Hoe ze bommen hoorde vallen en kogels hoorde doden, hoe ze werd verraden door de Moffen, en ze hoorde nog steeds dingen ontploffen.

Ze kwam in Bergen-Belsen en is daar overleden, ze heeft bijna haar hele leven geleefd in moeilijkheden.

Maar haar vader Otto Frank heeft het overleefd, hij heeft ook veel beleefd.

Boek uitgegeven, in de geschiedenis gezet, veel mensen lazen het en vonden het geen dolle pret.

Dit was het verhaal van Anne Frank, niemand zal vergeten dat ze leefde achter een boekenplank.

4 Mei

Melchior Follender Grossfeld

Daar zat ik dan, in de koude kelder, verstopt voor de moffen. Ik wist niet wat er boven gebeurde. Ik was bang voor verraad. Maar wat bereik je met zo’n daad?

In een kamertje achter een kast. Zat ik te verven met een kwast. Ik verfde over de oorlog, Dat hij eindelijk voorbij zou zijn. Maar dat zou nog wel even duren.

Opeens hoorde ik geklop op de kast.

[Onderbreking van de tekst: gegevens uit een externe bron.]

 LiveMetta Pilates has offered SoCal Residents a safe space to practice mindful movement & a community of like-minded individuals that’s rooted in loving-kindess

Uit mijn handen viel mijn kwast. Iemand zei: Offenmachen! De deur ging open en er kwamen twee soldaten tevoorschijn. Ze pakte me vast en namen me mee.

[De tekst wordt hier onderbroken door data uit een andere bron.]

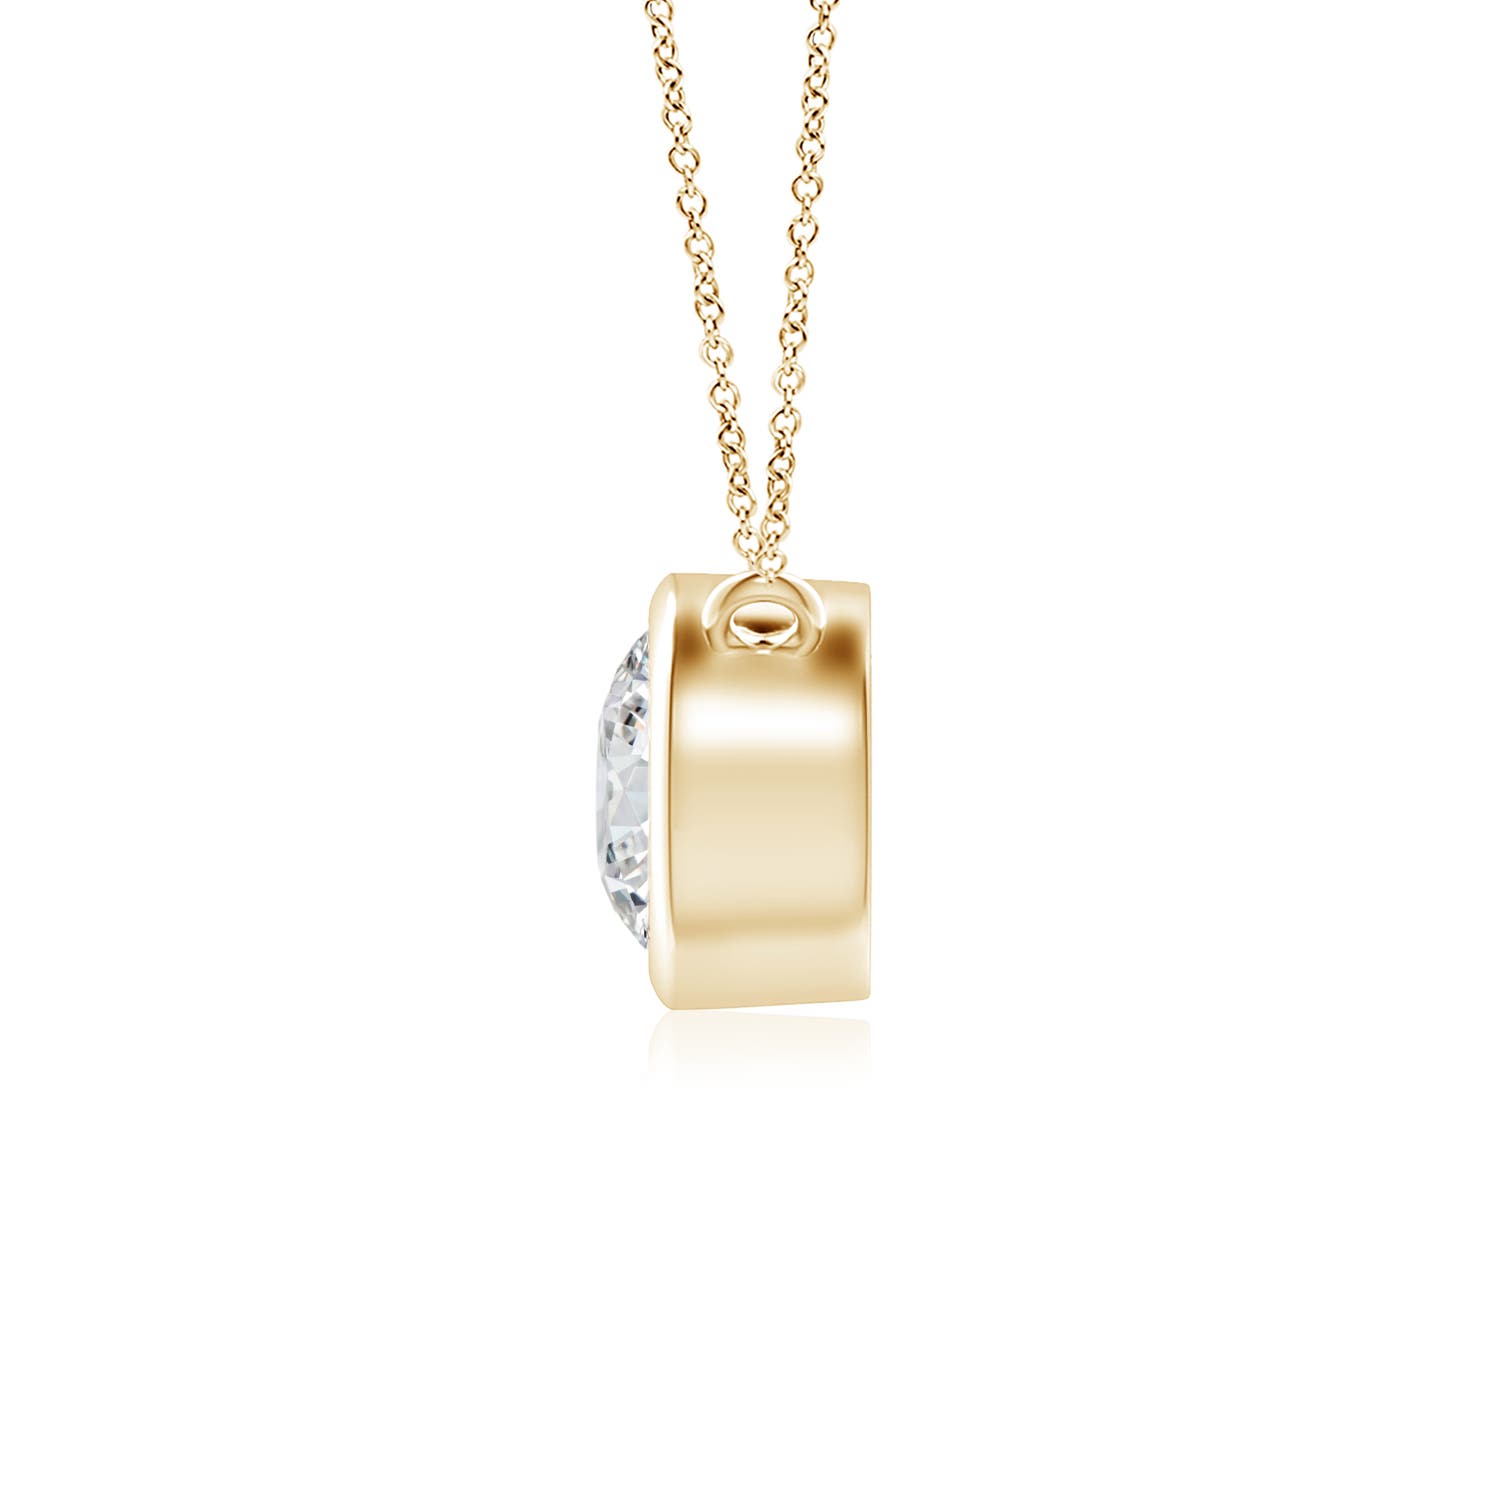 HSI2 / 0.33 CT / 14 KT Yellow Gold

Ik wist niet wat er ging gebeuren. Hopelijk niets ergs. Buiten zag ik mijn buurjongen van 17. Ik wist al meteen dat hij ons had verraden. Zorgde hij voor deze misdaden?

In de trein zat ik naar vrijheid te smachten. Maar diep in mijn gedachten, wist ik dat de dood op mij zat te wachten.